Was Zahnersatz mit Zahnimplantaten kostet, hängt vom individuellen Fall ab. Die gesetzlichen Krankenkassen übernehmen einen Teil der Kosten für die Suprakonstruktion auf Implantaten wie Krone, Brücke oder herausnehmbaren Zahnersatz wie Prothesen in Höhe des Festzuschusses der Regelversorgung mit Zahnersatz. Den Rest der Gesamtkosten für Zahnimplantate tragen die Versicherten als Eigenanteil. Der Preis für Zahnimplantate ist in der Regel zwar höher als für herkömmlichen Zahnersatz. Implantate können jedoch zahlreiche Vorteile gegenüber anderem Zahnersatz bieten:

■ herausnehmbarer Zahnersatz in Form von Prothesen kann durch Implantate manchmal vermieden oder kann besser im Mund fixiert werden,

■ gesunde Nachbarzähne bleiben bei Implantaten unberührt,

■ festsitzende Suprakonstruktionen auf Implantaten wie Krone oder Brücke unterscheiden sich kaum von natürlichen Zähnen,

■ Zahnimplantate sind so belastbar wie ein natürlicher Zahn,

■ das Implantat beugt Kieferschwund vor, da es den Kaudruck direkt auf den Kieferknochen überträgt.

Implantate ersetzen fehlende Zähne - Ablauf der Implantation

Nach einer genauen klinischen und röntgenologischen Analyse kann der behandelnde Zahnarzt den Vorgang der Operation festlegen und diesen dem Patienten in einem Aufklärungsgespräch erläutern. Die Implantation beginnt mit einer örtlichen Betäubung. Sie verhindert Schmerzen während des operativen Eingriffs im Kieferknochen. Dann bohrt der behandelnde Zahnarzt ein Loch in den Kieferknochen und schraubt das Implantat ein. Damit das Zahnimplantat in den Kieferknochen einheilen kann, wird die Mundschleimhaut in der Regel vollständig zugenäht. Die Einheilung der künstlichen Zahnwurzel in den Kieferknochen dauert bis zu drei Monate. In dieser Zeit erhält der Patient einen provisorischen Zahnersatz. Danach legt der Zahnarzt das Implantat frei und schraubt eine sogenannte Einheilkappe ein. Das Zahnfleisch umschließt diese in wenigen Tagen. Bei einer Implantation mit offener Einheilung des Implantats wird die Einheilkappe bereits am Tag der Implantation des Eingriffs eingesetzt.

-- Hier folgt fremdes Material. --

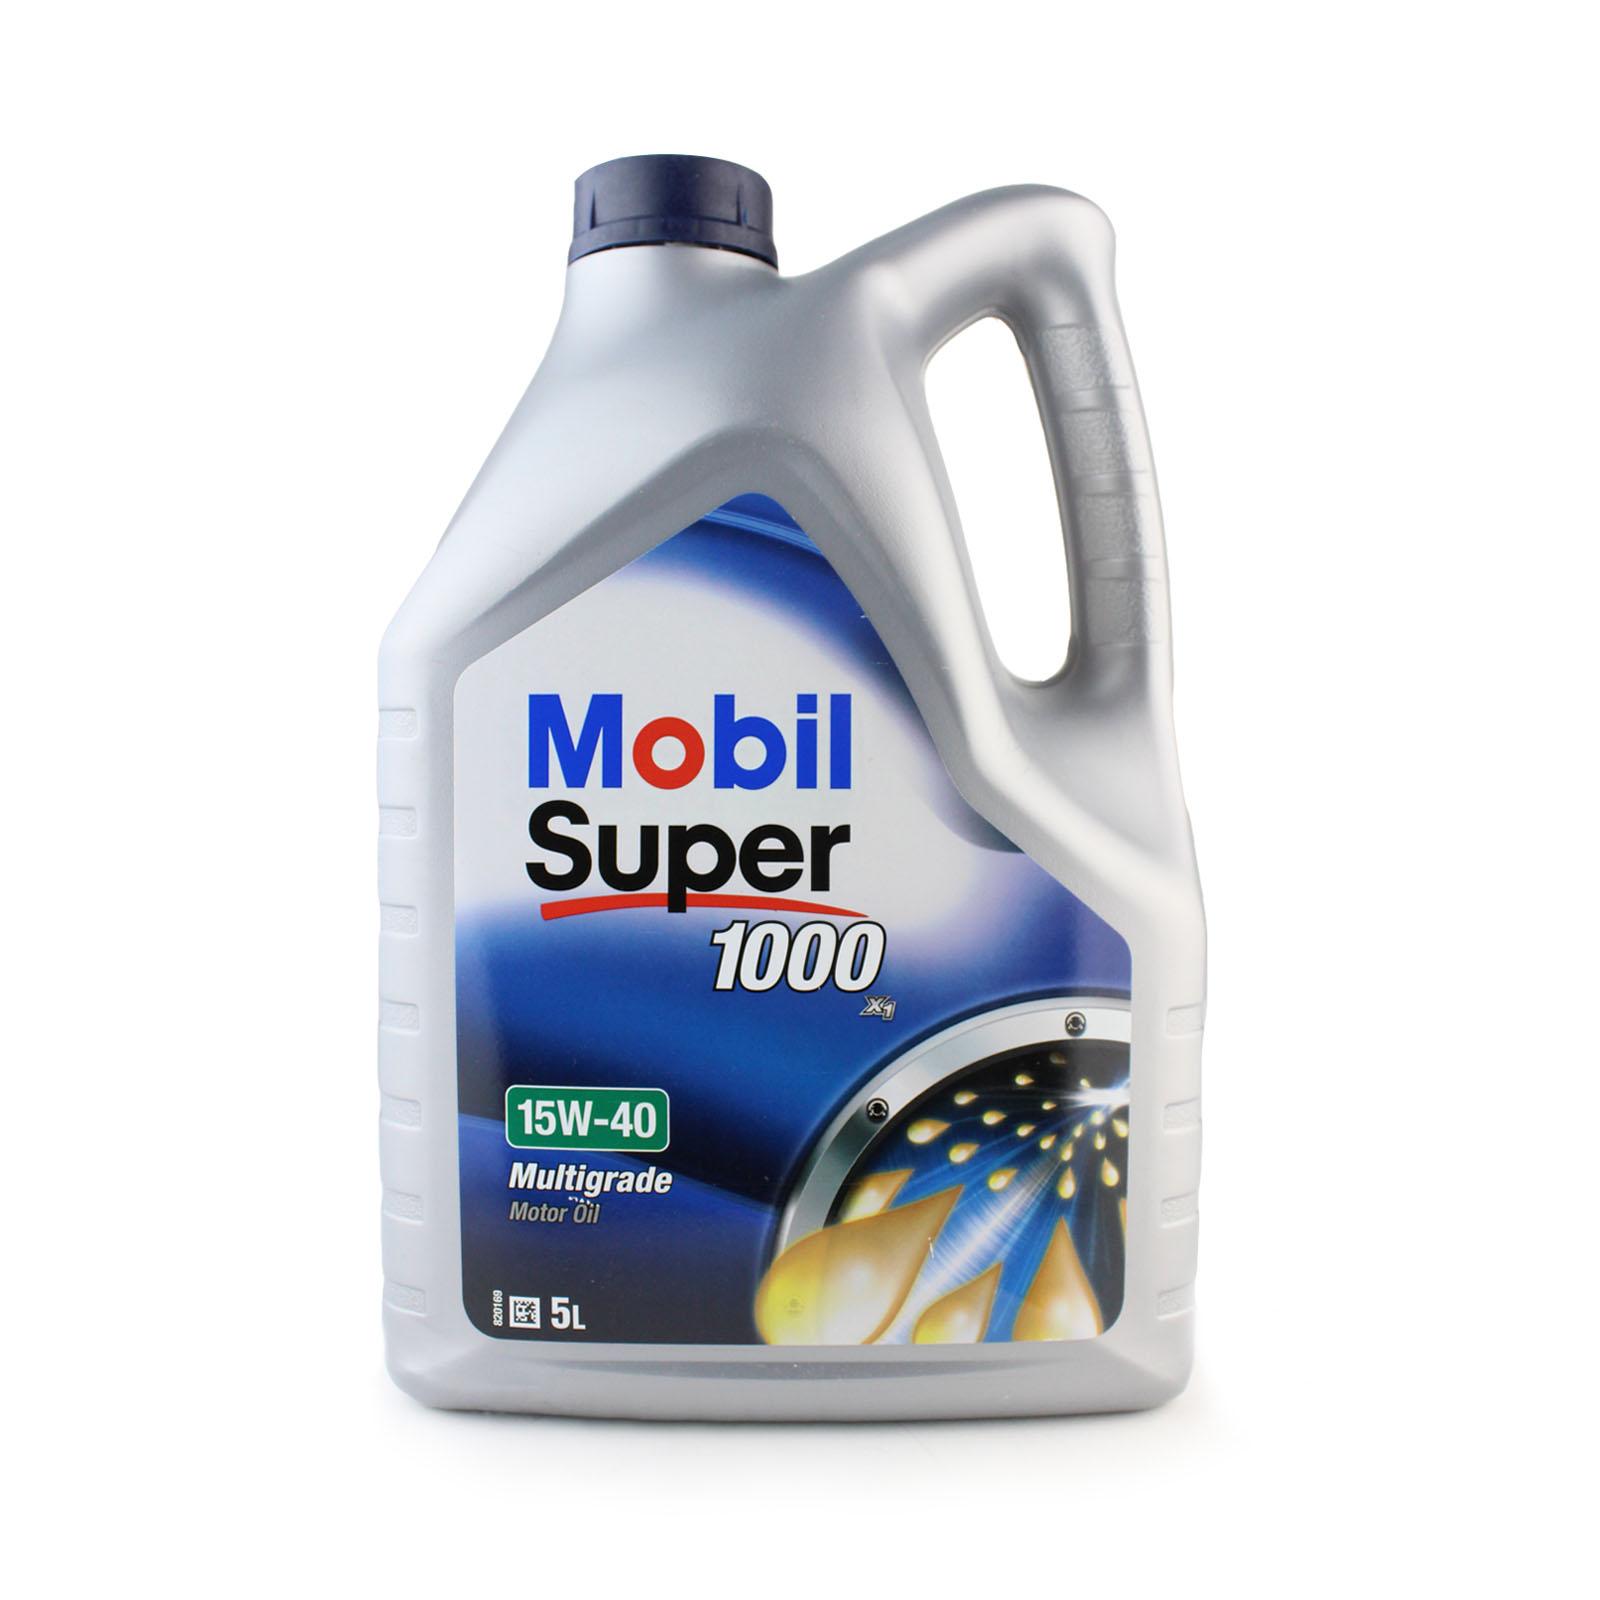 5 Litre Mobil Super 1000 X1 15w40 Mb 229 1 Multigrade
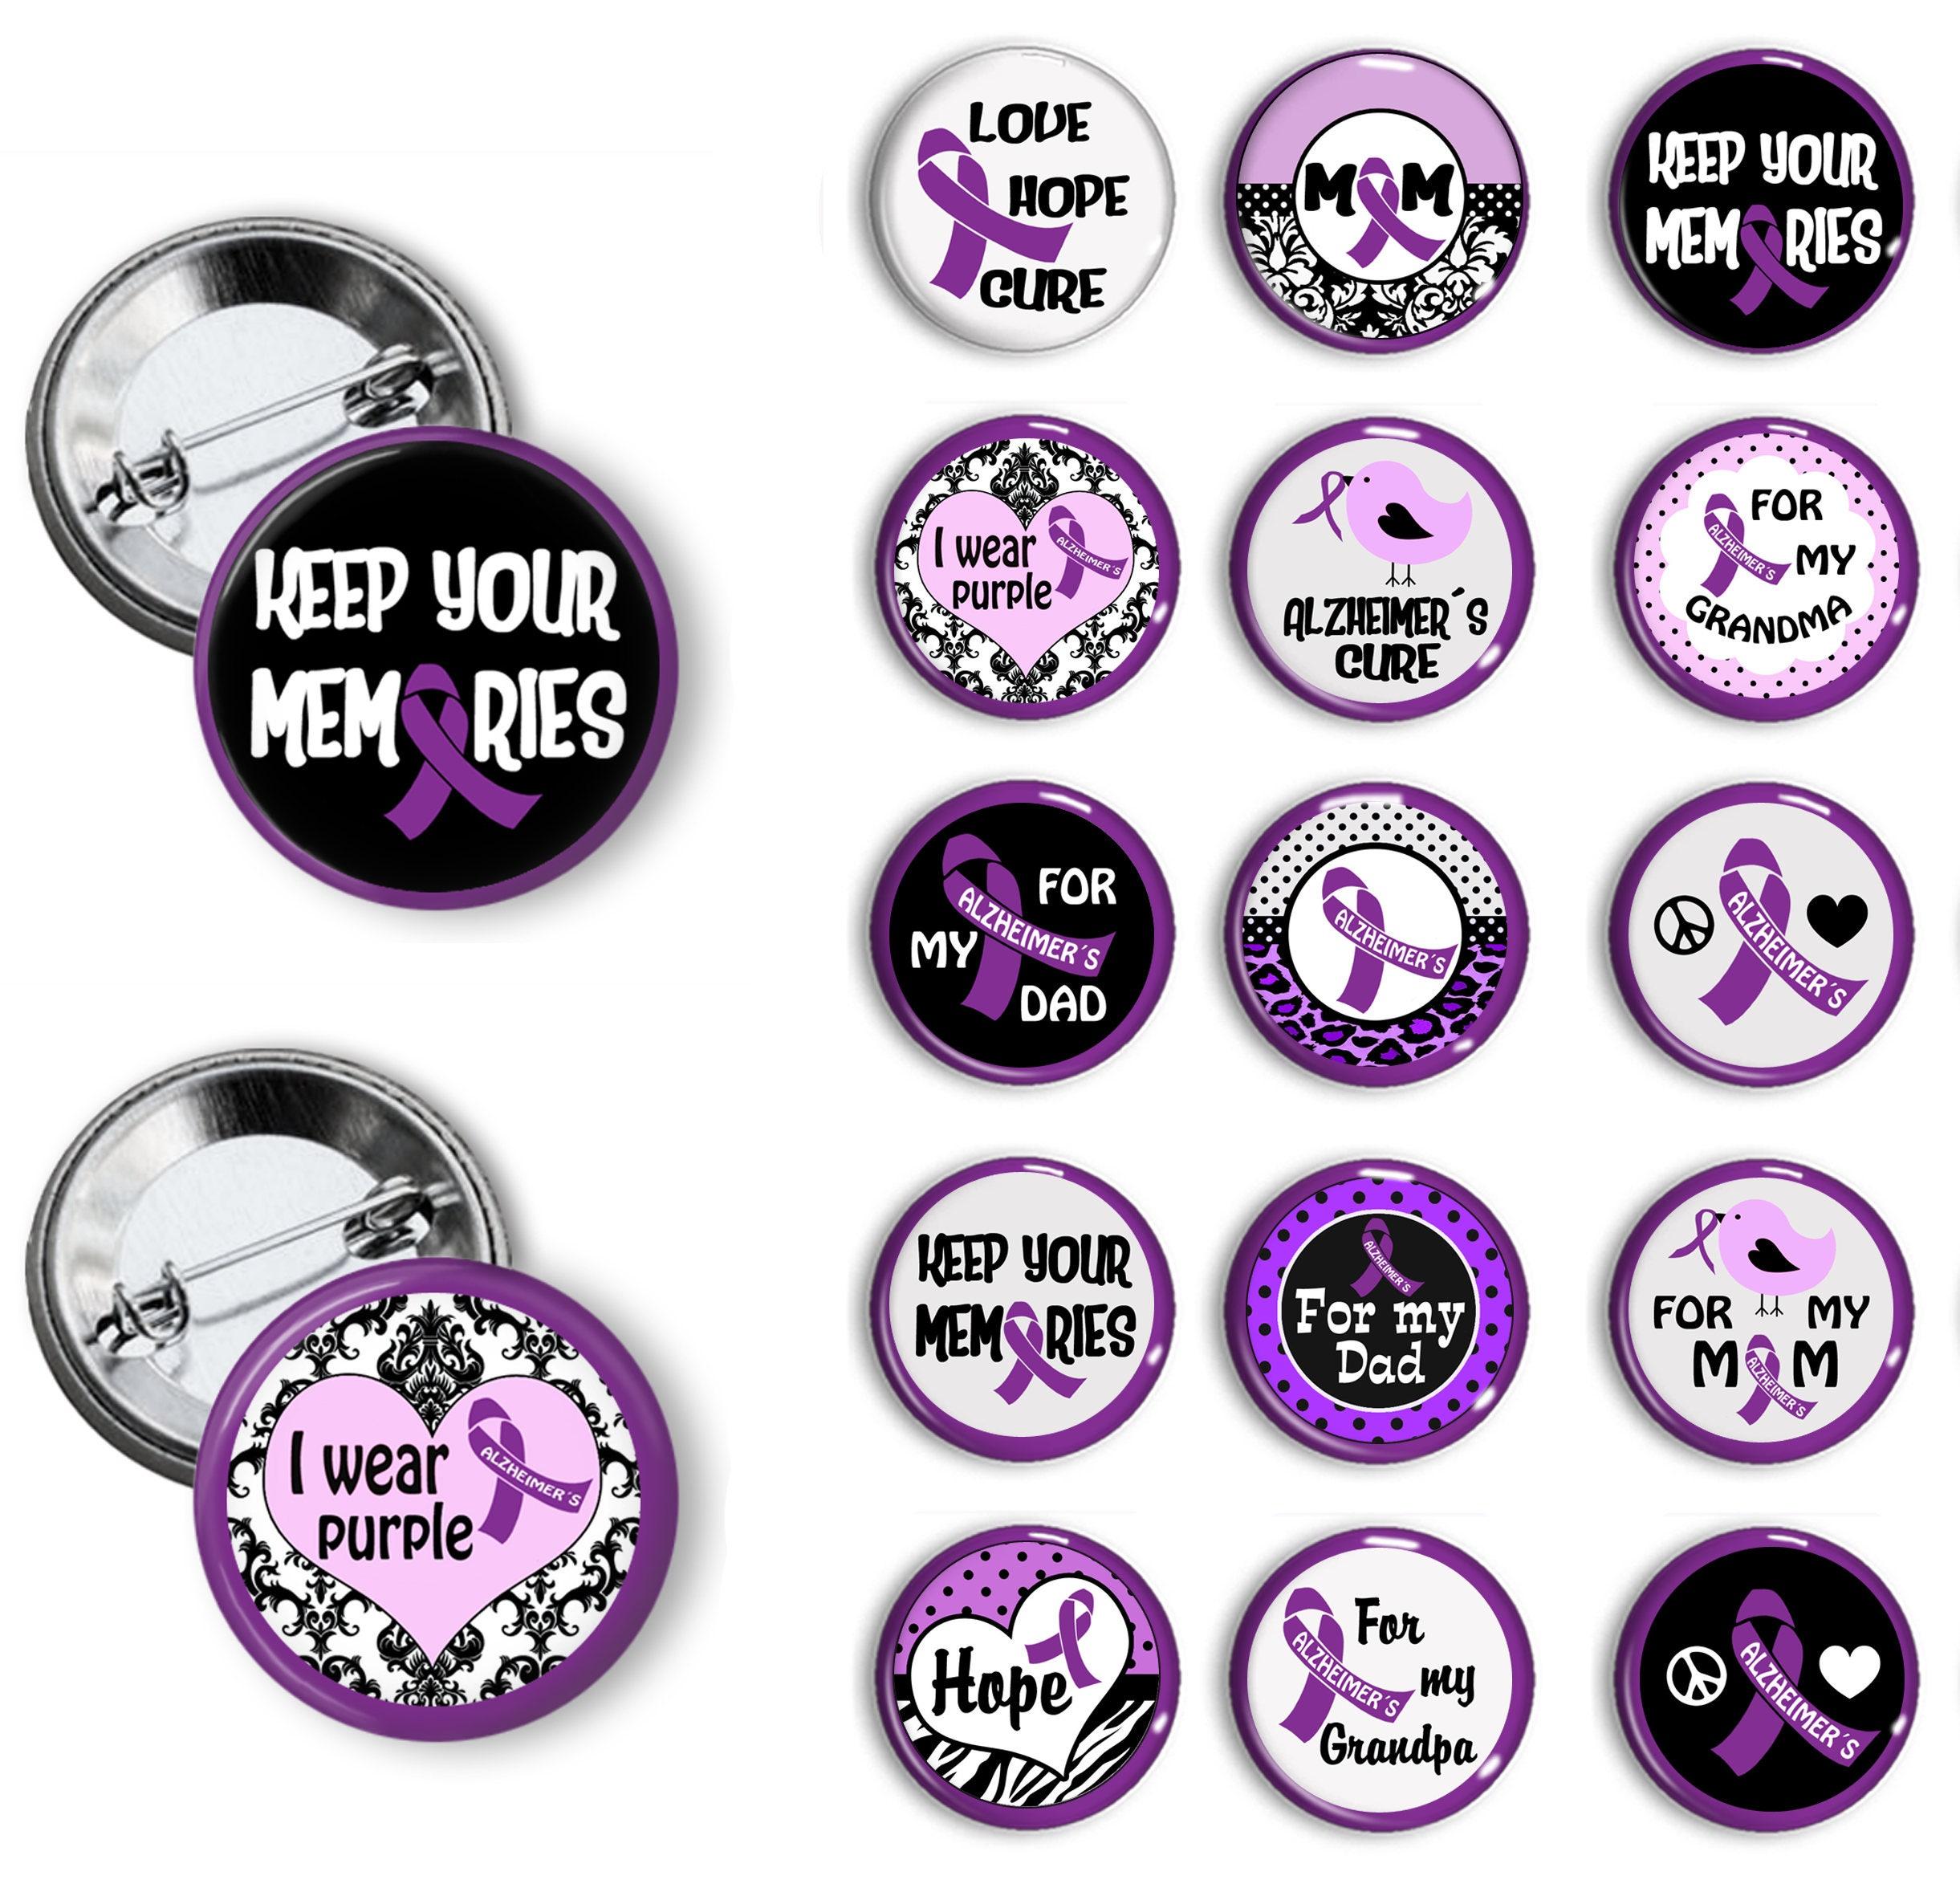 ca0dcab582d Alzheimer Awareness Pins Alzheimer Awareness Buttons Alzheimer Awareness  Badges 1.25 inch pinback buttons pin badges

Wichtig zu wissen in der Corona-Pandemie: Zahnarztbesuche erhöhen nach bisherigen Erkenntnissen nicht das Risiko einer Infektion mit COVID19. Denn in Zahnarztpraxen gelten generell hohe Standards für Hygiene und Infektionsschutz. Diese sind angesichts der Corona-Krise sogar zusätzlich noch verschärft worden. Patienten sollten Zahnarzttermine wahrnehmen. Denn der Besuch beim Zahnarzt erhält nicht nur die Gesundheit von Zähnen und Mund, sondern schützt auch vor Erkrankungen des gesamten Körpers wie Diabetes oder Herz-Kreislauf-Krankheiten.

Zahntechniker fertigt Zahnersatz auf Implantat

Nachdem das Implantat gut im Kieferknochen eingeheilt ist, beginnt die prothetische Versorgung mit Zahnersatz. Für den Abdruck oder den digitalen Scan ersetzt der Zahnarzt die Einheilkappe im Anschluss für kurze Zeit mit einem Abformpfosten oder einem Scanpfosten. Anhand des Abdrucks oder Scans wählt der Zahntechniker in Abstimmung mit dem Zahnarzt den passenden Implantatpfosten oder fertigt diesen individuell an. Den Zahnersatz wie Krone, Brücke oder herausnehmbaren Zahnersatz wie Prothesen fertigt der Zahntechniker ebenfalls individuell für den Patienten auf Grundlage der Konstruktionsplanung durch den Zahnarzt. Der Zahnarzt schraubt den Aufbau in das Implantat und befestigt den Zahnersatz darauf.